Remember, each pup or division will be its own plant, so don’t separate the main plant into more pieces than you have homes for.
Aloes Need Time For Recovery After Dividing
Your aloe plant needs a little time for wounds to scab over, so to speak.
Leave the divided plants laying in a cool, dry location away from bright light to begin the healing process.
It will generally take up to 4 days for the roots to properly heal.
This is also a good time to add any rooting hormone.
While not necessary, root hormones can heal damaged roots more quickly and make it easier for the aloe to make a speedy recovery.
Picking A Pot For Your Aloe (Drainage is Key)
Choose a pot that has plenty of drainage holes and is small enough that the aloe’s roots will fill ⅔ of the pot.
Aloe likes a bit of confinement, and the smaller amount of expansion space also means less risk of too much moisture being retained by the plant.
A good rule of thumb is to aim for a more shallow pot, as aloe doesn’t root very deem and that extra soil may increase the risk of root rot.
Because aloe is a hardy plant, you can use a standard terra cotta pot or go for a cheaper plastic pot, as long as it drains well.
Pick the Right Soil For Your Aloe
Use fresh soil for the potting process.
You can choose any potting soil designed for succulents or make your own.
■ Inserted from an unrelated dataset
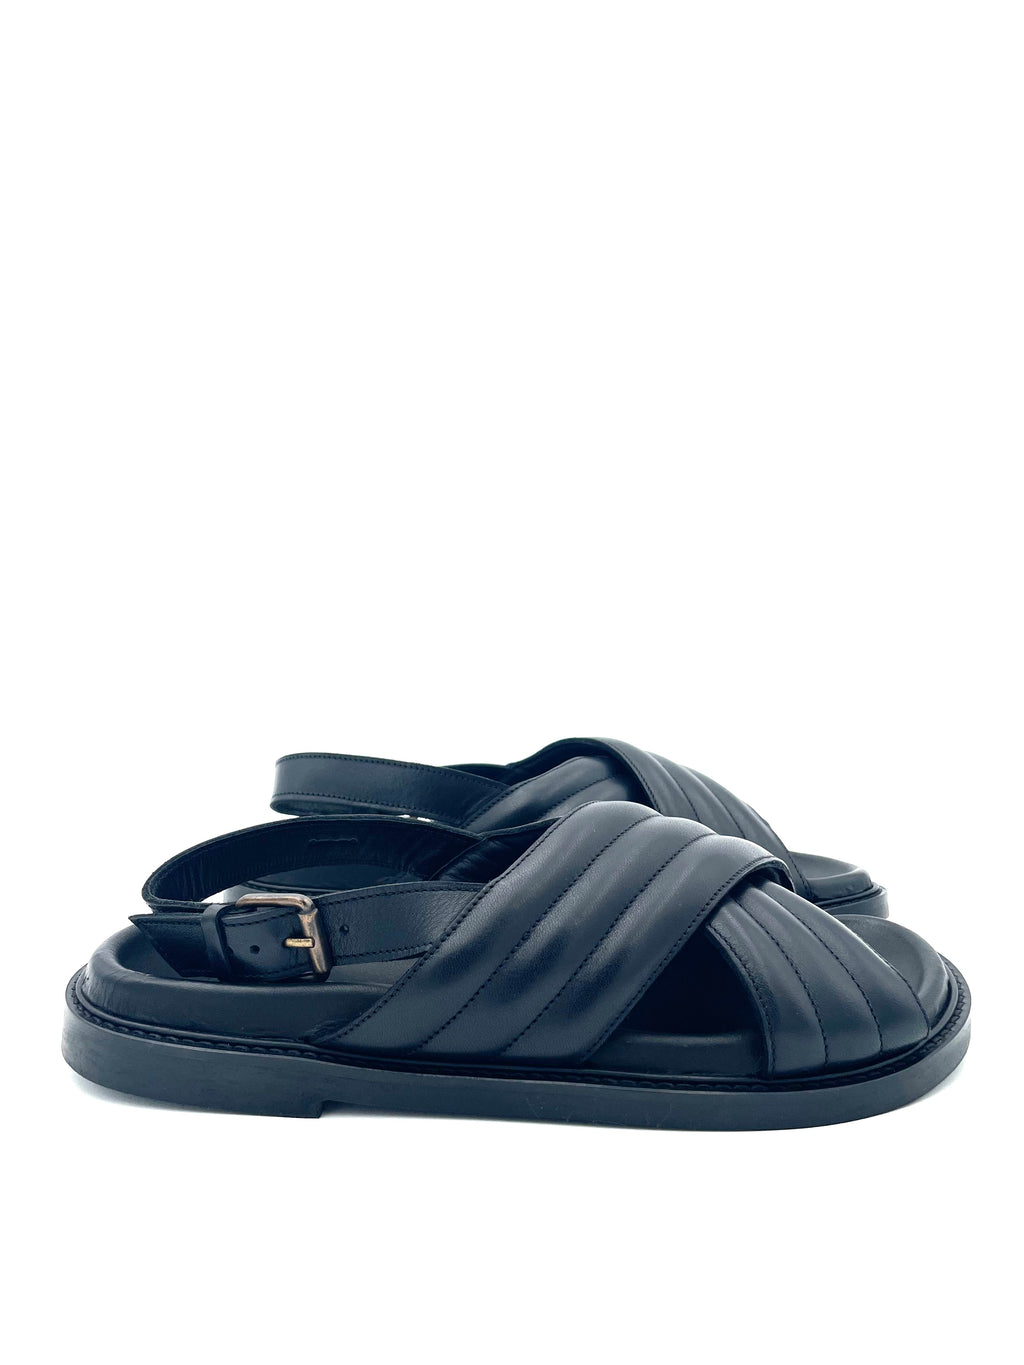 Anthology Paris Women's Black Flat Crisscross Sandal with Molded Footbed

When mixing soil for aloe, remember they are desert plants, so they prefer nutrient-poor soil.
Be sure to add perlite or some other aggregate to ensure optimum drainage and dilute the potency of regular potting soils.
A good ratio is two parts aggregate to one part potting soil.
Potting Your Aloe
Finally, add a little soil to the bottom of the pot and lower the plant in.
Add more soil around the roots, tamping down to remove any air pockets.
Make sure the surface doesn’t expose the aloe’s roots and is properly tamped down.
Finally, avoid watering for a week to give the roots a second healing phase.